**Records to process**:
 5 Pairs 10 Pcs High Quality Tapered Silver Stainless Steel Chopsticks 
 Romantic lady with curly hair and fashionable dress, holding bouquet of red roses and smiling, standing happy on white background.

...

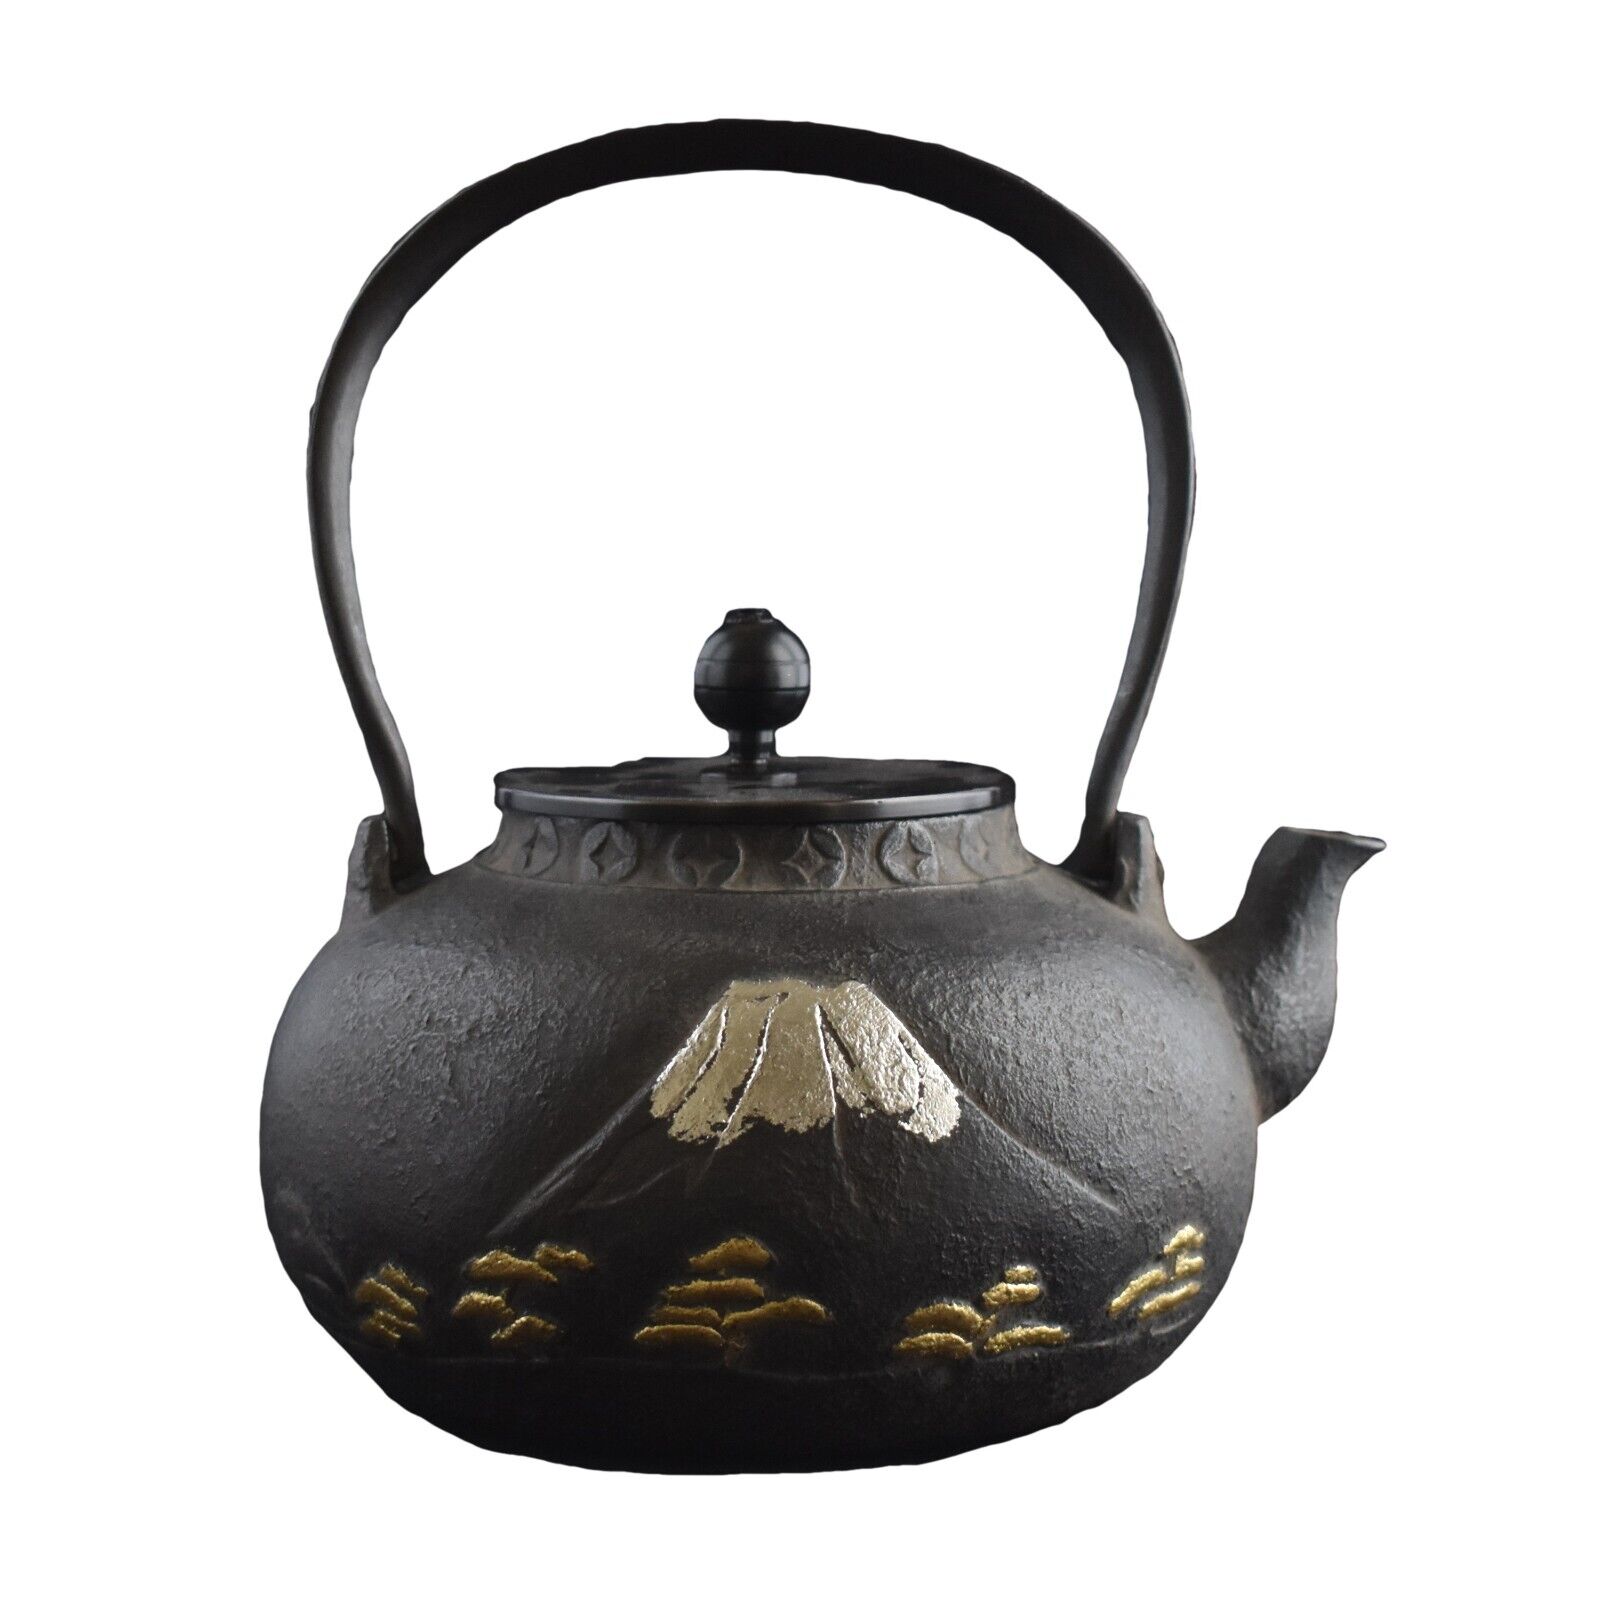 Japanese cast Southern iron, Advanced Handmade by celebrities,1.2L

**Exercise requirements**:
All that is needed is the exact run of lines above from the line containing "5 Pairs 10 Pcs" through the line containing "Romantic lady with", both of them included.

**Final answer**:
 5 Pairs 10 Pcs High Quality Tapered Silver Stainless Steel Chopsticks 
 Romantic lady with curly hair and fashionable dress, holding bouquet of red roses and smiling, standing happy on white background.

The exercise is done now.